O’Brien could not offer any theories as to why DWI arrests would be down in a period when serious DWI crashes is up, but it’s not hard to come up with possible reasons. Misdemeanor arrests have fallen generally speaking since Mayor de Blasio took office, so it’s not inconceivable that the NYPD has altered its approach in other areas, too. One law enforcement observer (who requested anonymity because he works with police) speculated that DWI arrests are always dangerous and fraught — indeed a police officer was killed earlier this year by a drunk driver as he secured the scene of an unrelated crash — and officers may not feel confident that aggressive arrests will play well in the current climate.

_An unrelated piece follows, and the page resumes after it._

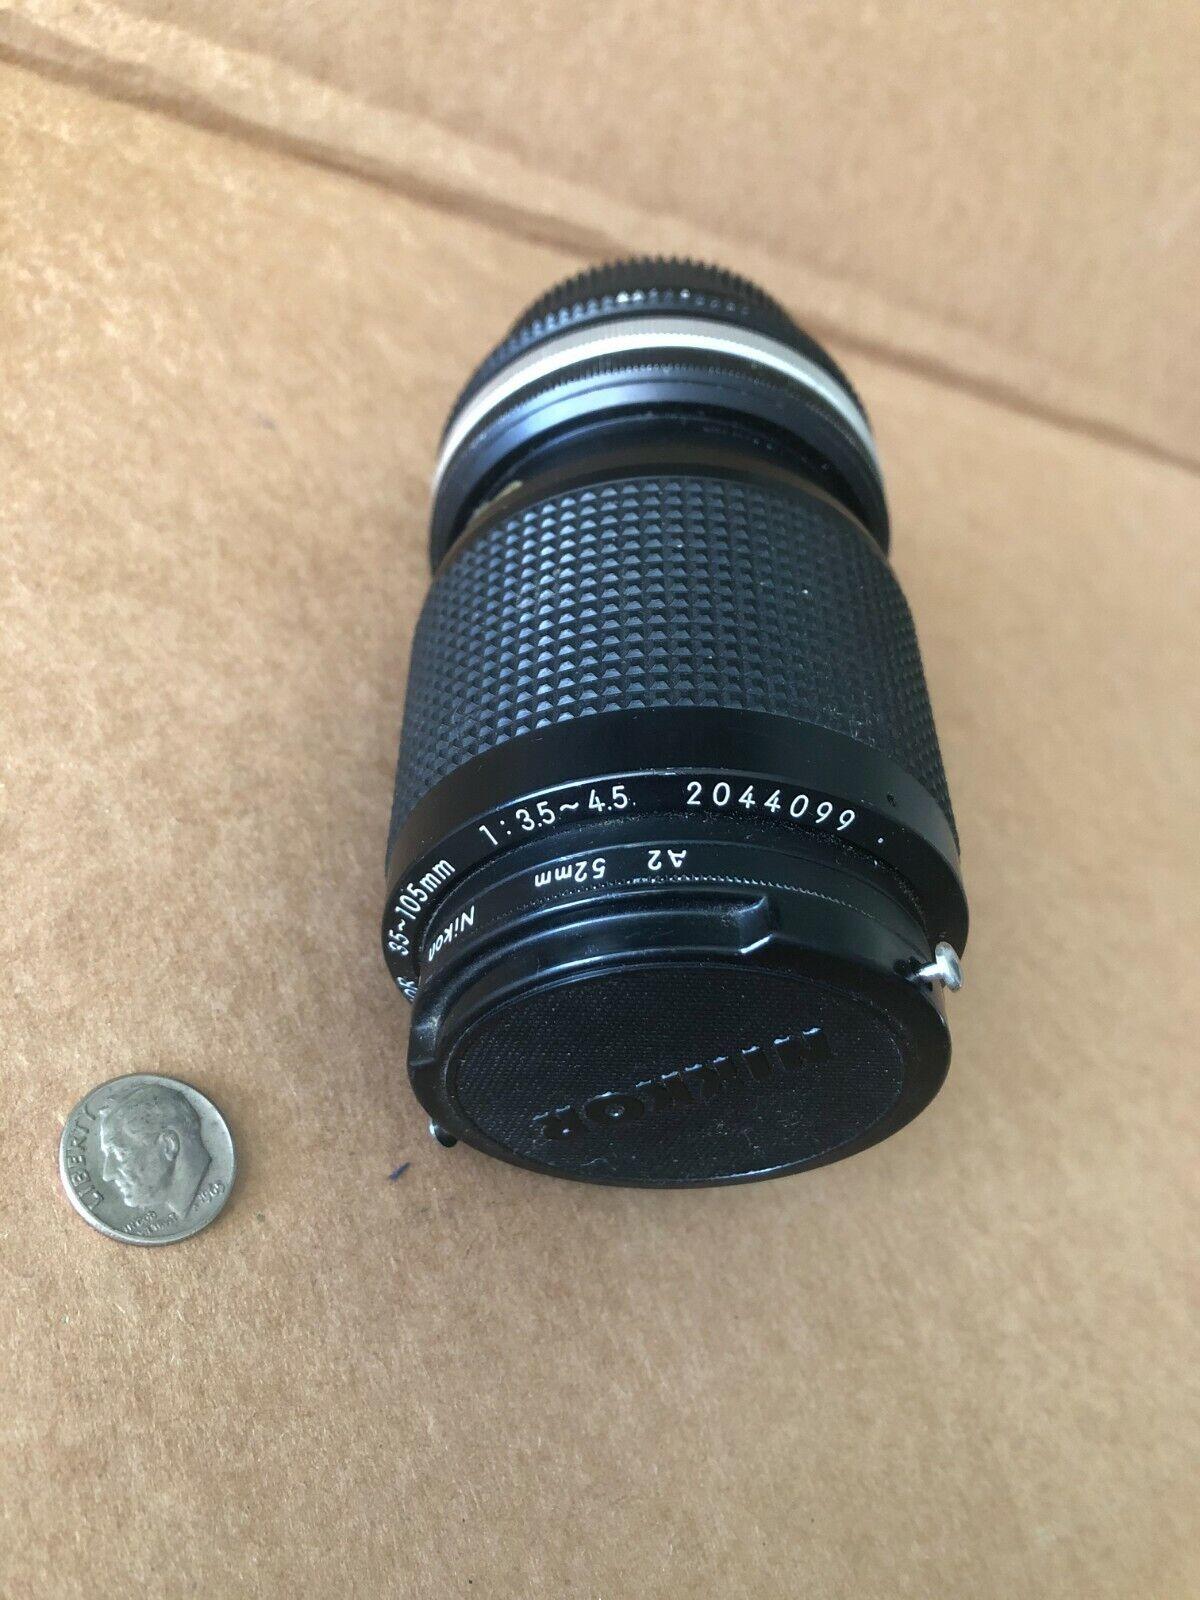 Nikon Camera Lens Zoom-NIKKOR 35 105mm With Filter - $19.95

The New York Times has also reported that breath tests administered in the field are unreliable, so there is a chance that such information has played a role in the drop in arrests.

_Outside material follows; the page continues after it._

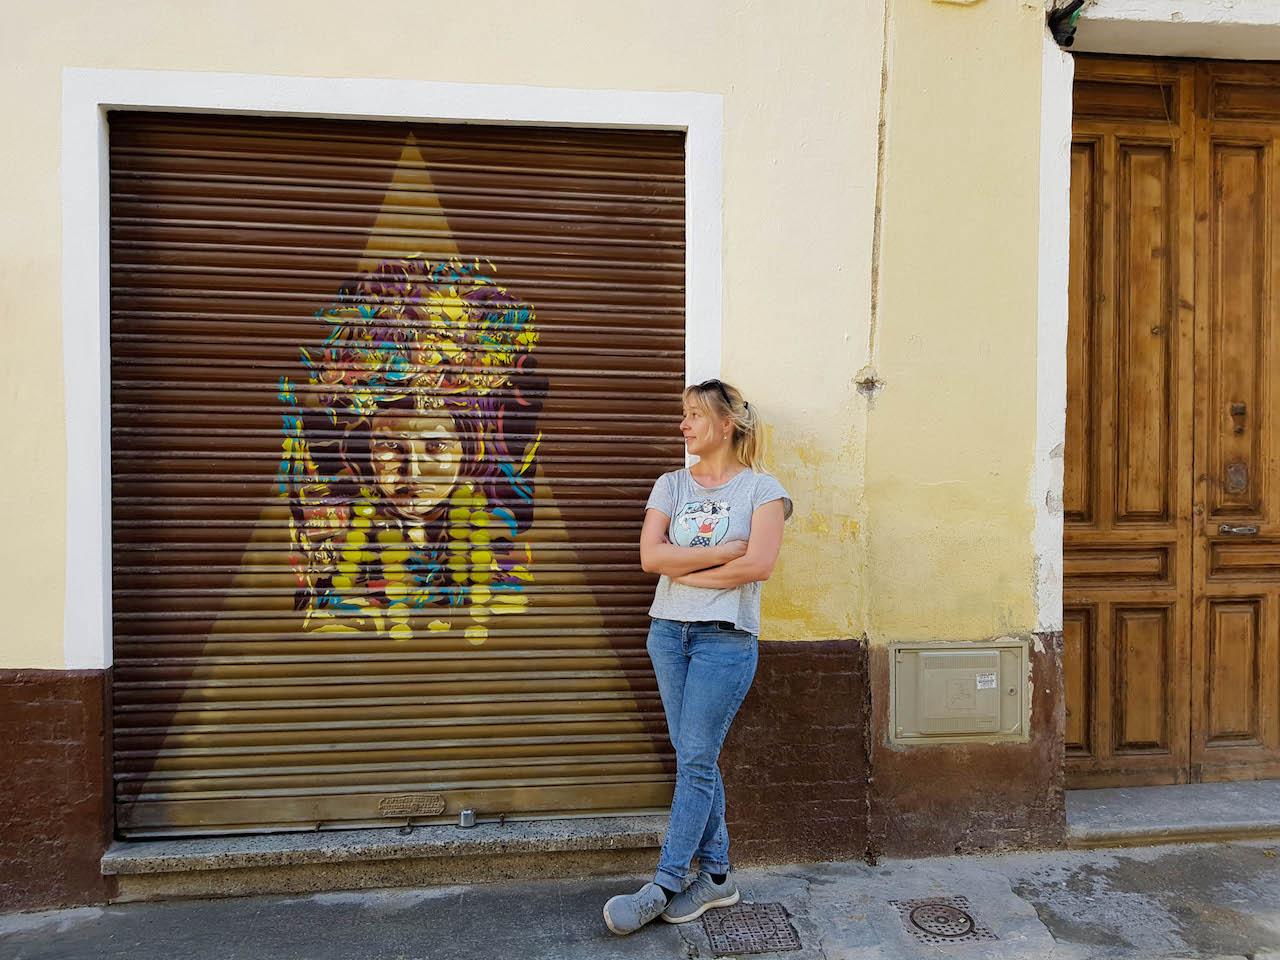 Streetart in Malaga.

But the numbers should be alarming if only because the trendlines are going in the wrong direction — and show a contrast to hype from companies such as Uber that claim to have played a role in reducing drunk driving. And the data definitely suggests that the NYPD is not being proactive about DWI arrests.

Meanwhile, recreational use of marijuana has been, effectively, legalized in the city, though the IBO report does not include crashes after 2019. Research from states and cities that have legalized pot is inconclusive whether legalization increases intoxicated driving, given that many would-be impaired drivers may simply have shifted from booze to bongs.

“Historically, the collection of such data in drug-impaired driving cases has been sporadic or nonexistent,” Neil Axel,a District Court judge in Maryland, wrote for the American Bar Association last year. “With the absence of good, hard historical data, it is difficult to make the necessary comparisons to reliably ascertain the precise impact that marijuana legalization has had on the number of drug-impaired fatalities.”